The task is linguistically trivial but combinatorially extreme.


Results: State-of-the-Art Meets Its Match

Recall@2, Recall@10, Recall@100 for multiple models on full LIMIT dataset.

Figure 3 | Full LIMIT results. Even top dense models struggle to exceed 20% Recall@100.

Findings:

  • Dimensionality matters: Higher \(d\) improves recall across all models—matching theory.
  • Alternate architectures excel: Sparse BM25 and multi-vector GTE-ModernColBERT vastly outperform dense single-vector models.

Even on the small version:

Recall@2, Recall@10, Recall@20 for small LIMIT dataset.

Figure 4 | LIMIT-small (N=46) results. No model achieves perfect recall.


Ablations: Pinpointing the Cause

Domain shift? Fine-tuning on LIMIT training data had negligible effect. Overfitting on the test set solved the task—proving the limitation is representational, not due to unseen query types.

Training-set vs test-set fine-tuning performance on LIMIT.

Qrel pattern? Changing the relevance pattern to random, cycle, or disjoint made the task much easier. The original dense pattern remained hardest.

Performance drop on dense qrel patterns vs other patterns.

Correlation to BEIR? None. LIMIT measures an orthogonal capability.

Scatter plot showing no correlation between BEIR and LIMIT scores.

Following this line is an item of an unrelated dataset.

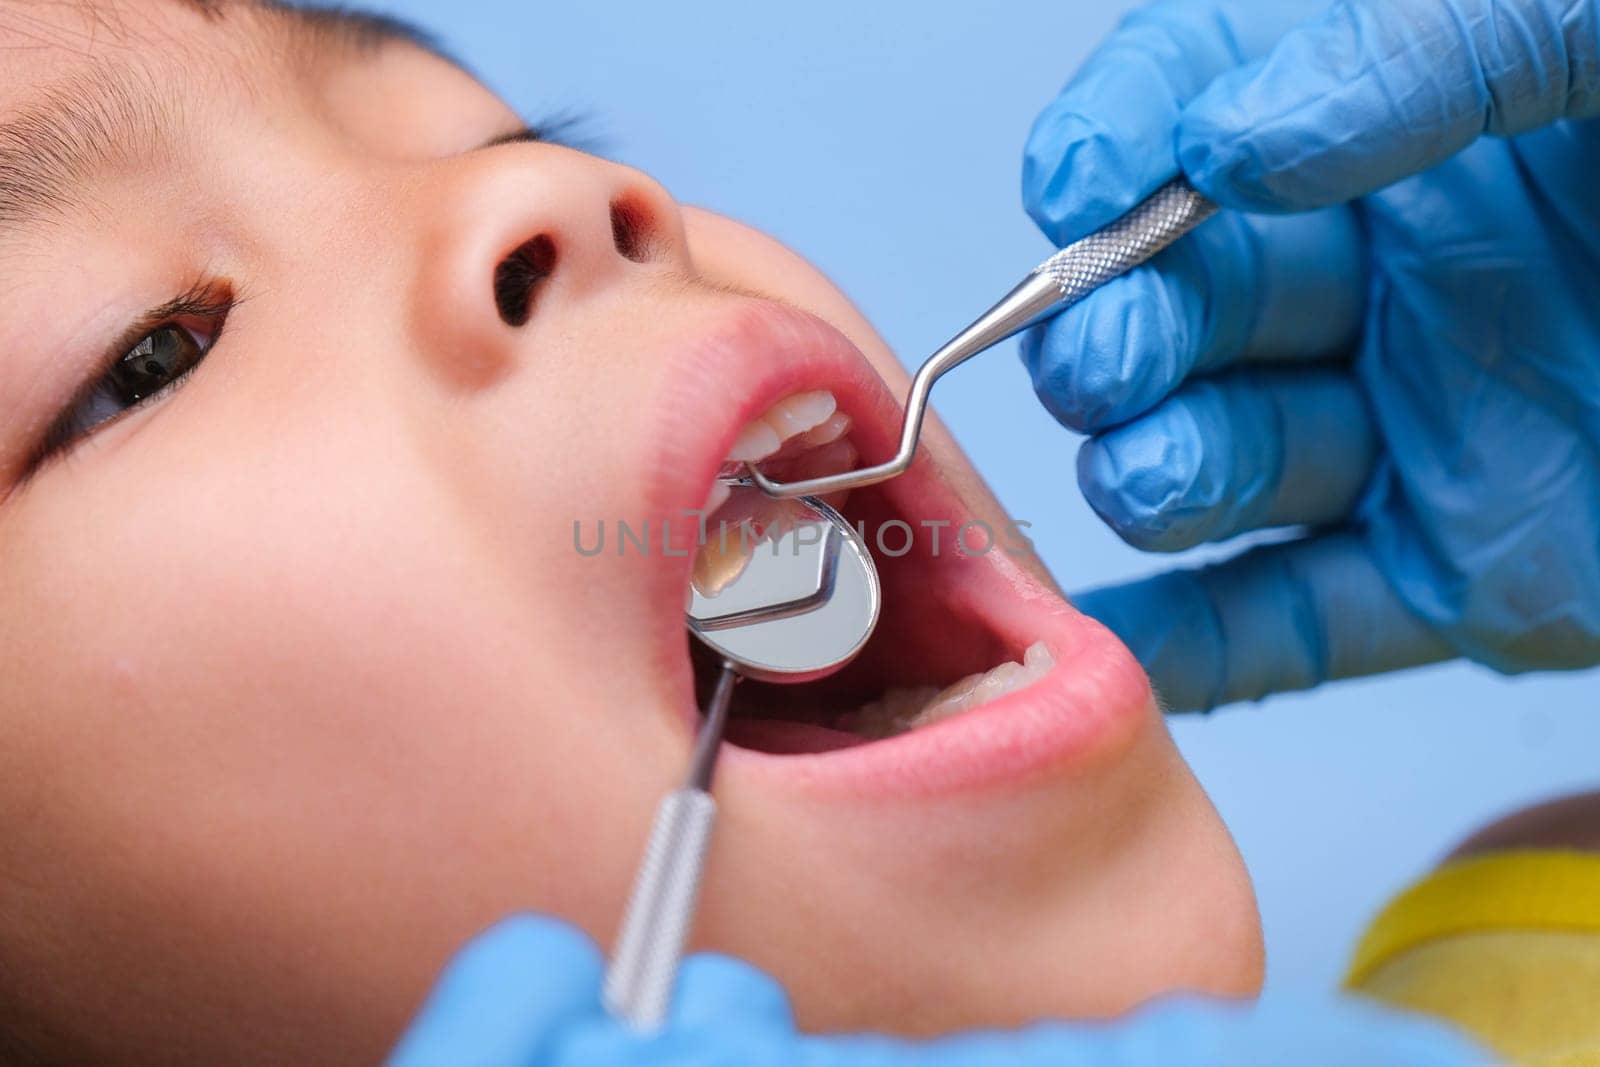 Close-up in the oral cavity of a healthy child with beautiful white teeth. Young girl opens her mouth to reveal healthy teeth, hard and soft palate. Dental and oral health check by TEERASAK

What This Means for Retrieval

Key takeaways:

  1. Fundamental limit: For fixed embedding dimension, certain retrieval tasks are unsolvable for single-vector models.
  2. Combinatorial complexity kills performance: Higher sign rank equals harder tasks.
  3. LIMIT exposes fragility: Even simple-appearing tasks can break top models if relevance is densely interconnected.

Dense retrieval is still valuable—in many practical situations we don’t need all combinations. But for general-purpose, instruction-following retrieval (“any query, any relevance”), single-vector embeddings may hit an unavoidable wall.


Paths Forward

Multi-vector models: More expressive by design. Show strong LIMIT performance but underexplored for instruction-following.

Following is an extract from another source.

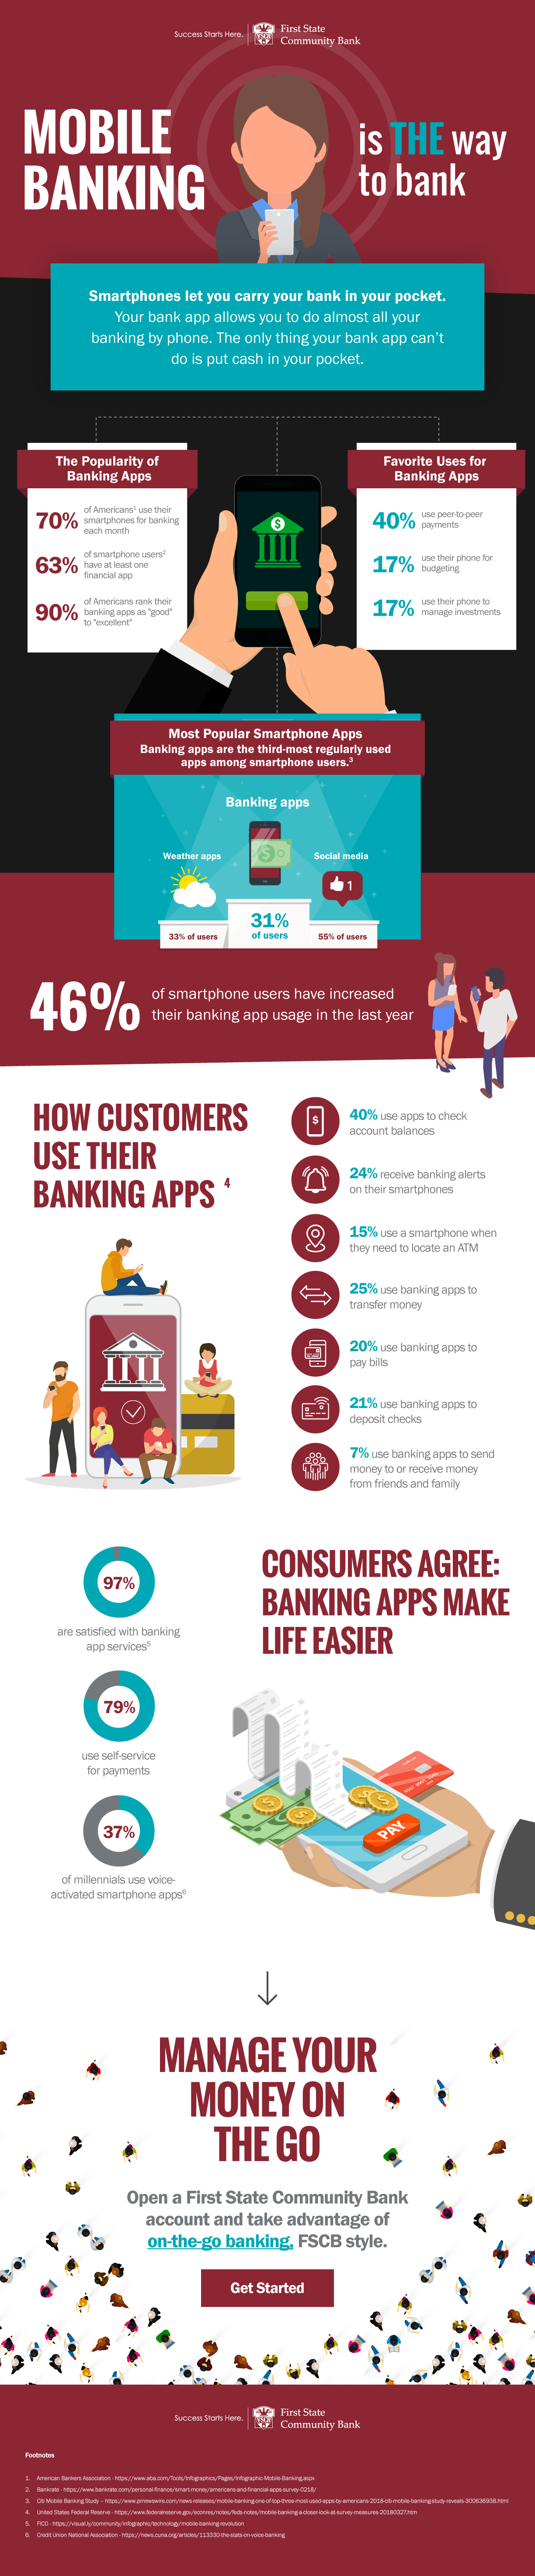 FSCB Infographic - Mobile Banking is THE Way to Bank -

Sparse models: Huge dimensionality avoids geometric limits, but harder to apply to reasoning tasks without lexical overlap.

Cross-encoders: Not practical for first-stage retrieval, but rerankers like Gemini-2.5-Pro can solve LIMIT-small effortlessly.

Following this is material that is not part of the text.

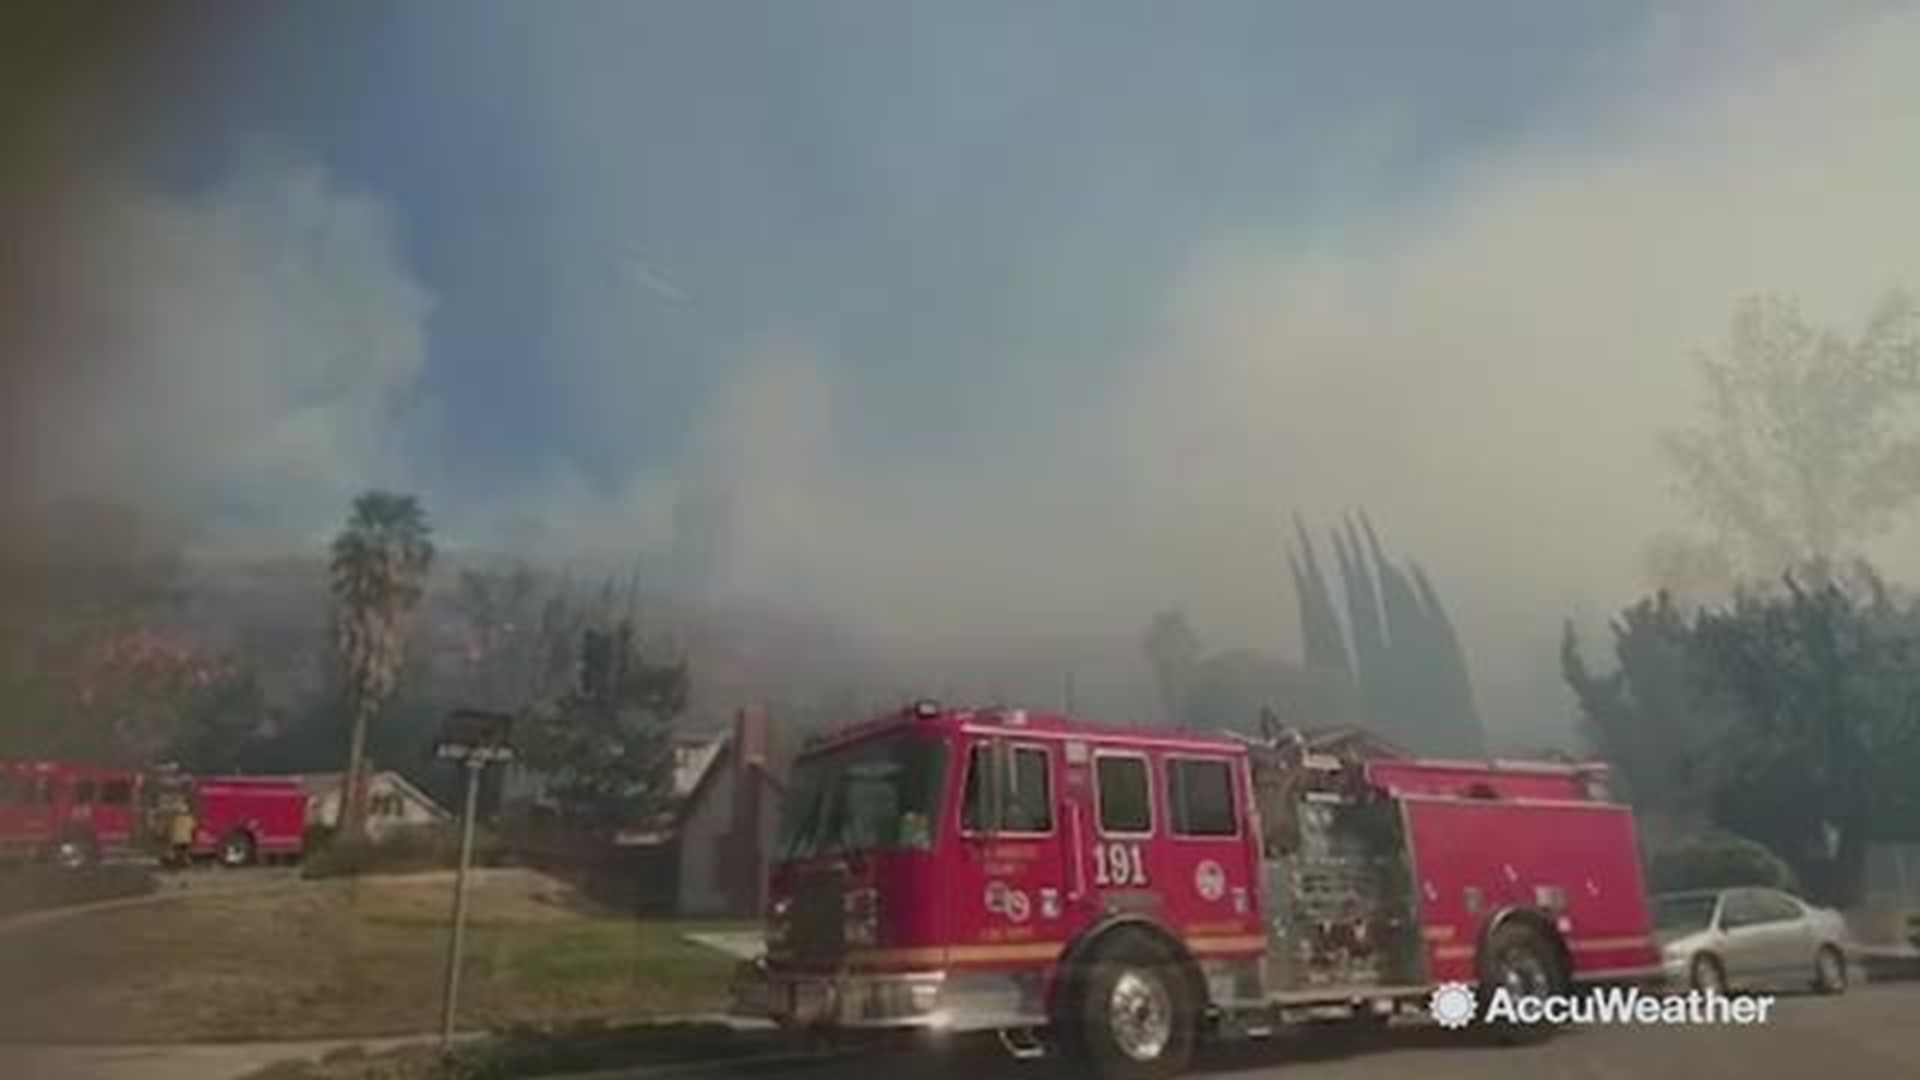 Clips show active flames and smoke in the sky through parks of Simi Valley, a city sitting next to Thousand Oaks where the wildfire believed to have begun.

Dense retrieval isn’t dead—it’s just bounded. As we build the next generation of retrieval agents, the future may lie in hybrid approaches: maintaining dense efficiency while incorporating the expressiveness of multi-vector and sparse methods.

Understanding and respecting these theoretical limits will help us design models that fail less often in the face of combinatorial complexity—and succeed more often when it matters most.